EXERCISE DETAILS:
Transcribe exactly the line containing "SAH, Vardal prestekontor, H/Ha/Haa/L0001: Ministerialbok" and each line after it, through the end of the entries, with nothing before or after.
[[ DATA EXCERPTS open ]]
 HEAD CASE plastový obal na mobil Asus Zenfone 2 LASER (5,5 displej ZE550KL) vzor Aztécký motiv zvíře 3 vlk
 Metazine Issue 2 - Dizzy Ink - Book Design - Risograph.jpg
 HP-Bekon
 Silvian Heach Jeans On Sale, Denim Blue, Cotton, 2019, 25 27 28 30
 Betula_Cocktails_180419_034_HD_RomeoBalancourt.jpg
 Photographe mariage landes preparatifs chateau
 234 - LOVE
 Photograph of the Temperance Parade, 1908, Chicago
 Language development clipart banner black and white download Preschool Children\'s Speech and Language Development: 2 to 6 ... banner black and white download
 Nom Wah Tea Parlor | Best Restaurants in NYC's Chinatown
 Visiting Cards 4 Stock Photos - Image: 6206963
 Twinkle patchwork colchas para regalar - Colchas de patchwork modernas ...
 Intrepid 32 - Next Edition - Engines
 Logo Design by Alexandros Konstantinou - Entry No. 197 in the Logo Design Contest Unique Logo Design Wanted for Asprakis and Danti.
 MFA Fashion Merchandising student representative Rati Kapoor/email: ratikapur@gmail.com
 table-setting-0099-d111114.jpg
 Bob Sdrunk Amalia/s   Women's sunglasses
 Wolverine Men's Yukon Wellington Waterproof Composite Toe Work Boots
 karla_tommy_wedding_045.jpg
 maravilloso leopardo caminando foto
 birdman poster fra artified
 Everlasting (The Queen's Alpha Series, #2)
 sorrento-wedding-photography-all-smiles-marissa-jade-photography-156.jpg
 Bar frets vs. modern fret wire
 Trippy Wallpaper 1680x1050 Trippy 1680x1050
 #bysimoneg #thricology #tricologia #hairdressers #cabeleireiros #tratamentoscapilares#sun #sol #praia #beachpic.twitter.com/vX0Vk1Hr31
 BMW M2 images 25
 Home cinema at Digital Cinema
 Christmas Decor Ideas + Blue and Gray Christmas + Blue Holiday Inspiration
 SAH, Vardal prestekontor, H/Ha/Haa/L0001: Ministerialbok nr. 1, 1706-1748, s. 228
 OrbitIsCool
[[ DATA EXCERPTS closed ]]
EXERCISE OUTPUT:
 SAH, Vardal prestekontor, H/Ha/Haa/L0001: Ministerialbok nr. 1, 1706-1748, s. 228
 OrbitIsCool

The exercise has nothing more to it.